# Welcome to our Linear Regression Workshop!

In this notebook, we will first discuss what regression is, and how it mathematically looks like. Then, we will dive deep into the implementation of linear regression using Python and some related libraries. After having a total understanding of the concept, we will solve a real-world problem using the model we generated and evaluate its performance. 

Throughout the workshop, we will be learning a lot of new concepts, their importance, and how they are used in real-life scenarios. Let's get started!

First, let us understand what "regression" and "linear regression" mean.

## Regression
- Regression is a statistical technique that relates a dependent variable (denoted as Y) to one or more independent variables (denoted as X).

- Regression models are able to show whether the changes observed in the dependent variable are associated with changes in the independent variables.

- There are many different regression models, such as "linear regression", "logistic regression", "polynomial regression", "ridge regression", and "lasso regression", and many others.

- In this notebook, we will focus on linear regression, which models the relationship between one dependent variable and one or more independent variables using a straight line, hence the name "linear" regression. 

### Linear Regression
- Linear regression functions are of the form `Y = wX + b`, where

    `Y`: dependent variable vector, what we are trying to guess

    `w`: weight vector, the importance of each independent variable. We will refer to weights as `coefficients` in this workshop, to make the code more understandable.

    `X`: independent variable vector, what we base our predictions on

    `b`: bias, helps with fitting the model better. We will refer to bias as `intercept` in this workshop, again to make the code more understandable.

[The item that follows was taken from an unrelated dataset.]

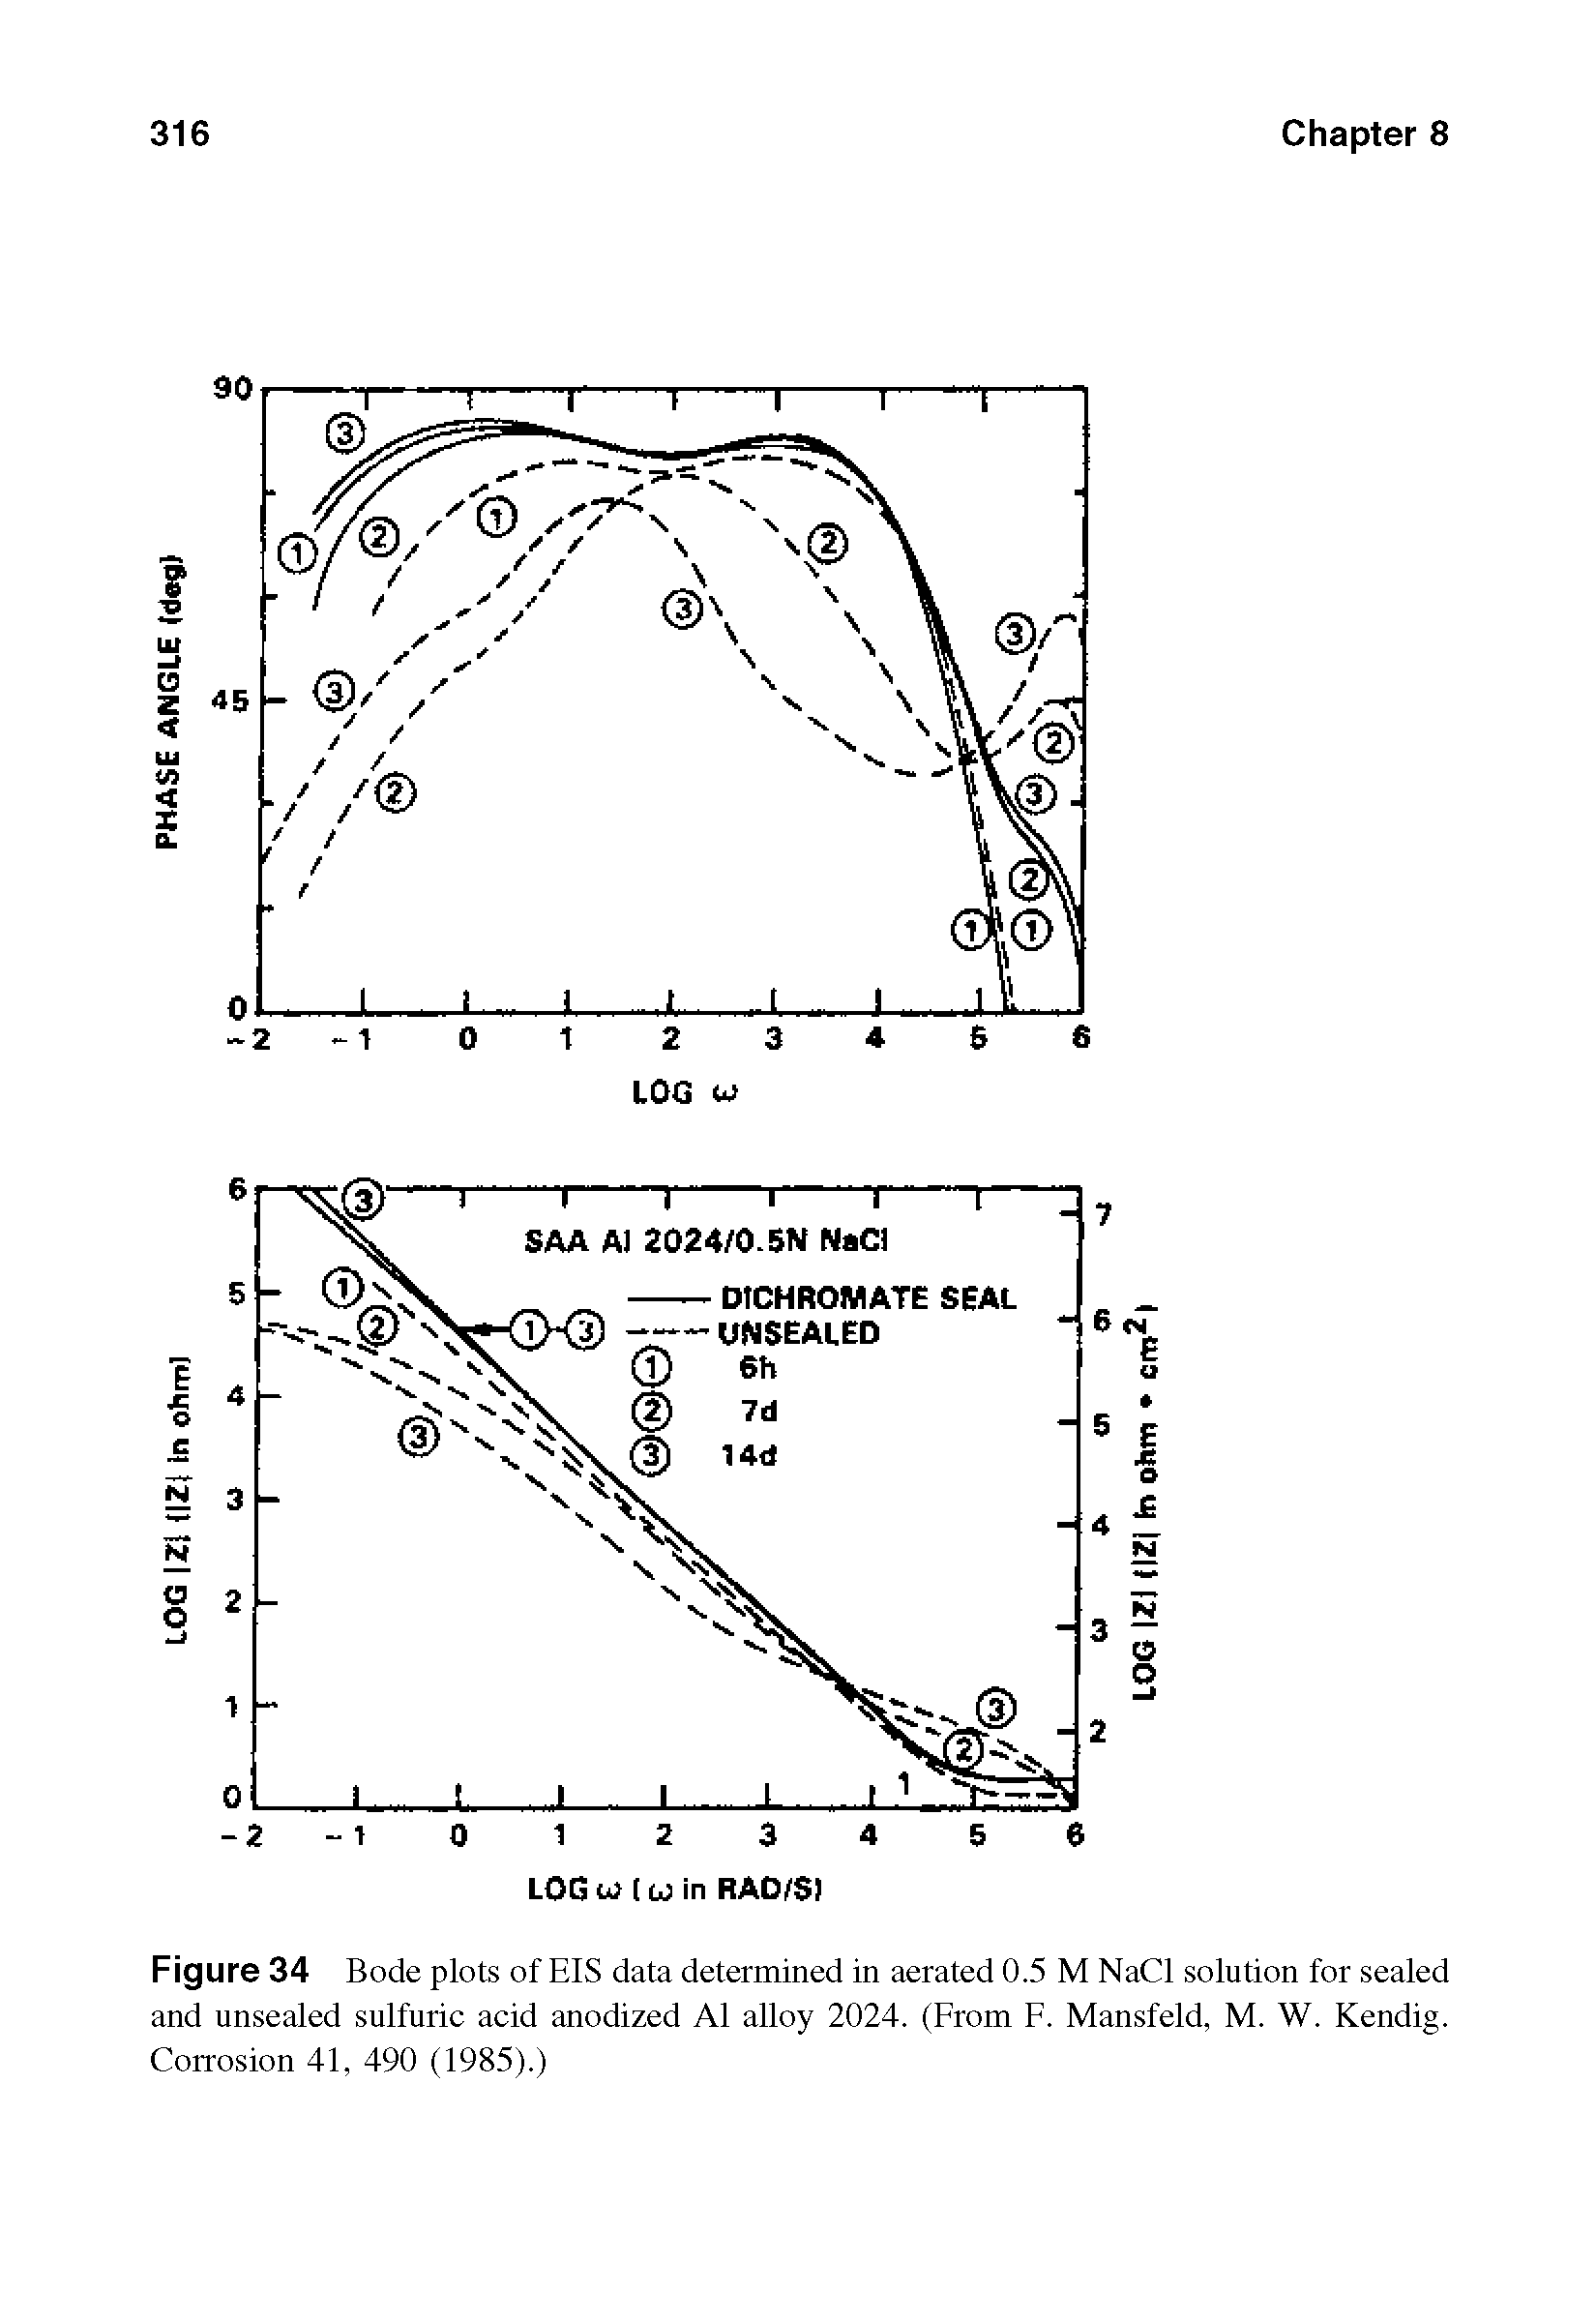 Figure 34 Bode plots of EIS data determined in aerated 0.5 M NaCl solution for sealed and unsealed sulfuric acid anodized A1 alloy 2024. (From F. Mansfeld, M. W. Kendig. Corrosion 41, 490 (1985).)...
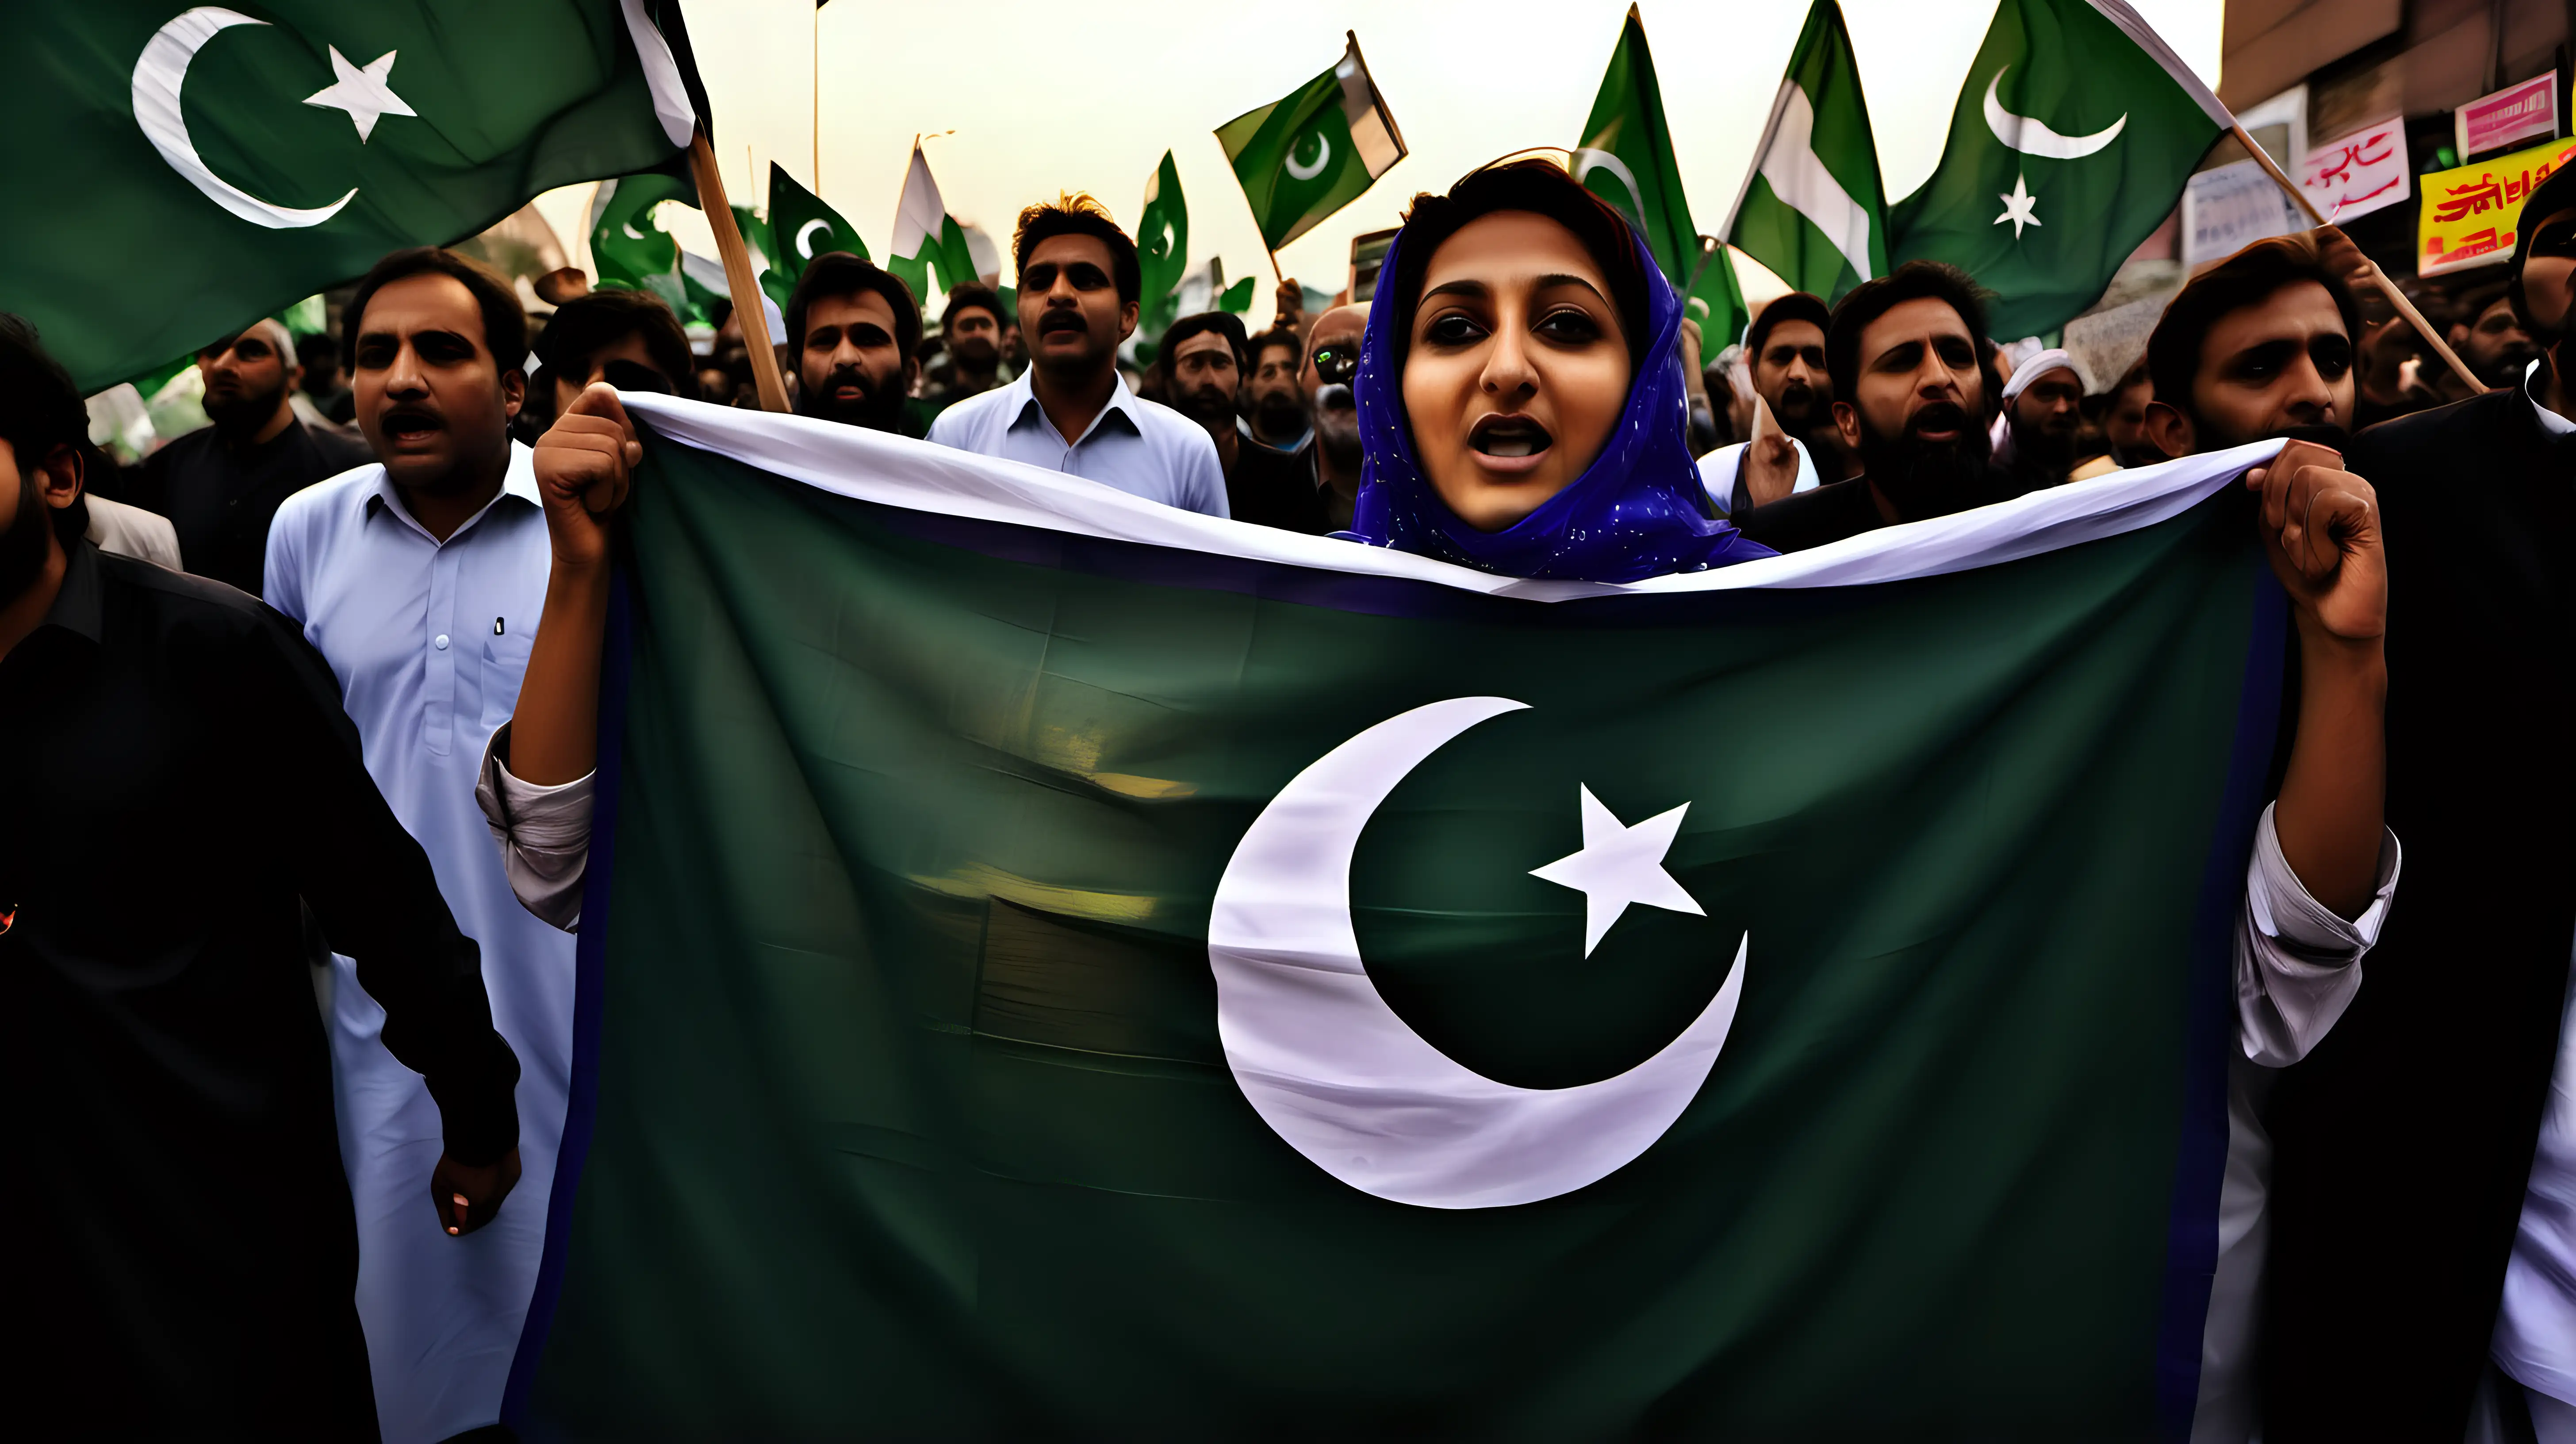 Passionate Pakistani Activist Holding Glowing Flag of Justice and Unity

- The purpose of `finding` the most accurate model requires us to find the best parameters `w` and `b` such that our regression line is a perfect fit for our dataset. That is, we try many many many different `w` and `b` values to find the line that helps us the most. But how do we find them?  

### Mean Squared Error (MSE)

- MSE is a very common measure of the quality of an estimator. It's used to evaluate the accuracy of a linear regression model by calculating the average of the squares of the errors (difference between actual and predicted results).

- Formula:

$$
\text{MSE} = \frac{1}{n} \sum_{i=1}^{n} (Y_i - \hat{Y}_i)^2
$$

- The end goal is to minimize MSE to improve the accuracy of the model.

### Gradient Descent

- Gradient Descent is an optimization algorithm used to minimize the cost function (MSE in our case), by iteratively adjusting model parameters. The update rule for each parameter $\theta$ is:

$$
\theta := \theta - \alpha \frac{\partial J(\theta)}{\partial \theta}
$$

where

$$
$$

- $\theta$ : the parameter we are trying to optimize (w or b for linear regression)

- $\alpha$ : learning rate, a hyperparameter that determines the step size at each iteration while moving toward a minimum cost function. Small alpha ensures more precise updates, but training will take more time with smaller alpha (since changes will be very minimal, but very accurate).

- $J(\theta)$ : the cost function, MSE in our case.

- $\frac{\partial J(\theta)}{\partial \theta}$ : Gradient of the cost function with respect to the parameter. It measures how much J changes with a small change in $\theta$. The gradient points in the direction of the steepest increase of the cost function.

### Now that we know what linear regression looks like, let us start implementing it using Python!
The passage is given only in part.